Adam Davidson

Personal information
- Full name: Adam Richmond Davidson
- Date of birth: 28 November 1929
- Place of birth: Invergowrie, Scotland
- Date of death: September 2007 (aged 77)
- Place of death: Portsmouth, England
- Position(s): Winger

Senior career*
- Years: Team / Apps / (Gls)
- Elmwood
- Sheffield Wednesday / 0 / (0)
- 1951–1952: Colchester United / 19 / (0)
- Carnoustie Panmure
- Total:  / 19 / (0)

= Adam Davidson (footballer) =

Scottish footballer (1929–2007)

Adam Richmond Davidson (28 November 1929 – September 2007) was a Scottish footballer who played in the Football League as a winger for Colchester United.

==Career==
Born in Invergowrie, Davidson joined Football League club Sheffield Wednesday from Elmwood, but failed to make an appearance for the Owls.
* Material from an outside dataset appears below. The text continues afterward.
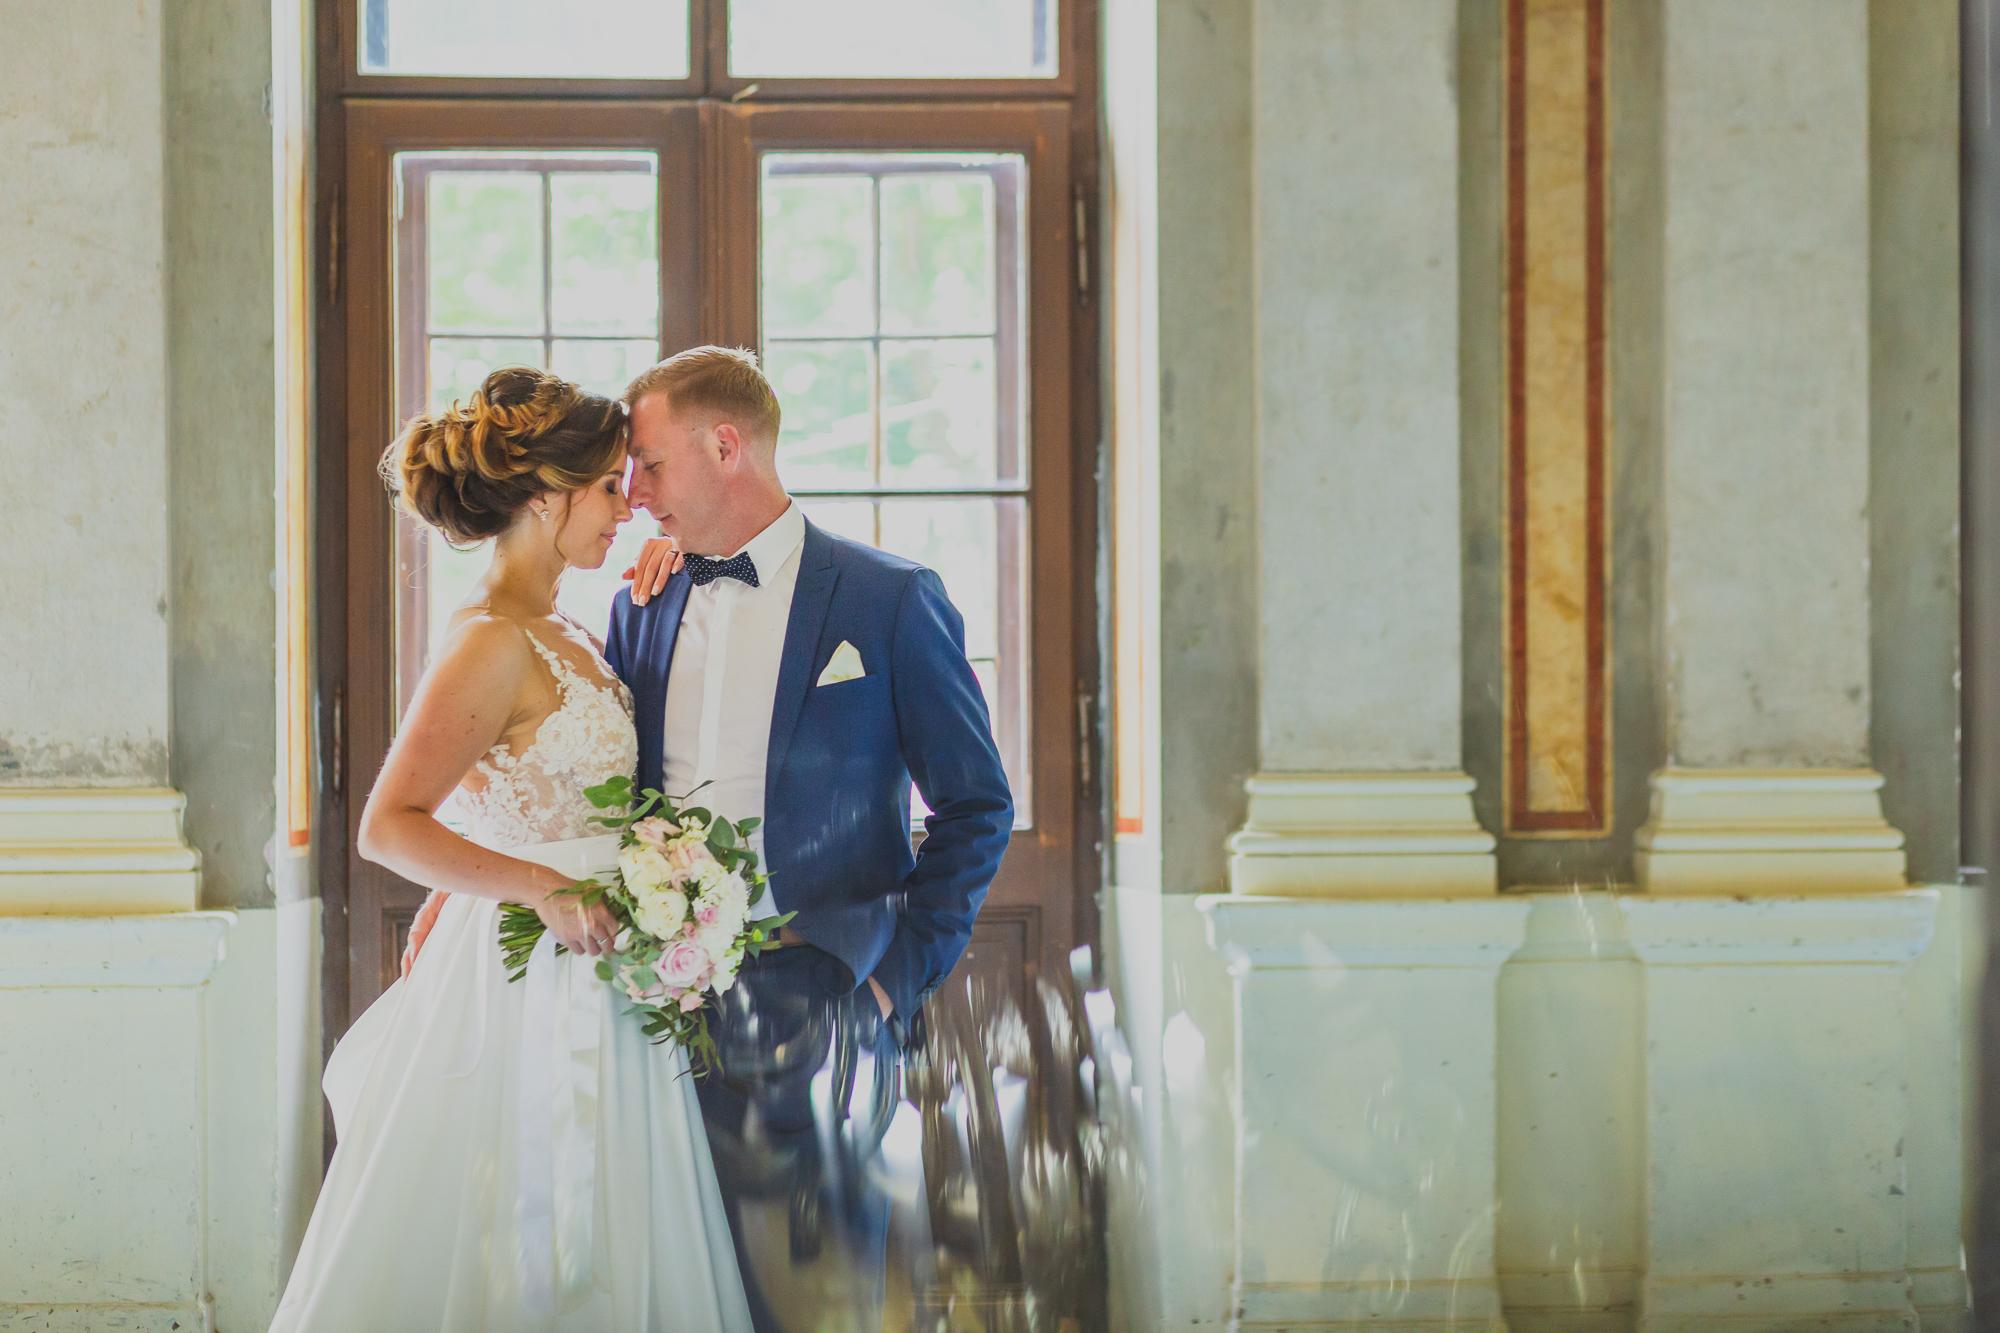 fotografie de nunta, fotosedinta de nunta, mire, mireasa, fata in fata,

He moved to Colchester United in 1951, spending one season with the club and making 19 appearances. He made his debut on 13 September 1951 against Plymouth Argyle in a 1–0 win at Layer Road. He scored one goal for the club in the FA Cup against Bristol CIty on 15 December, a match which Colchester won 2–1. His final game came at the end of the 1951–52 season in a 1–0 home victory against Watford. He later returned to his native Scotland to play for Carnoustie Panmure. He died in Portsmouth in September 2007, at the age of 77.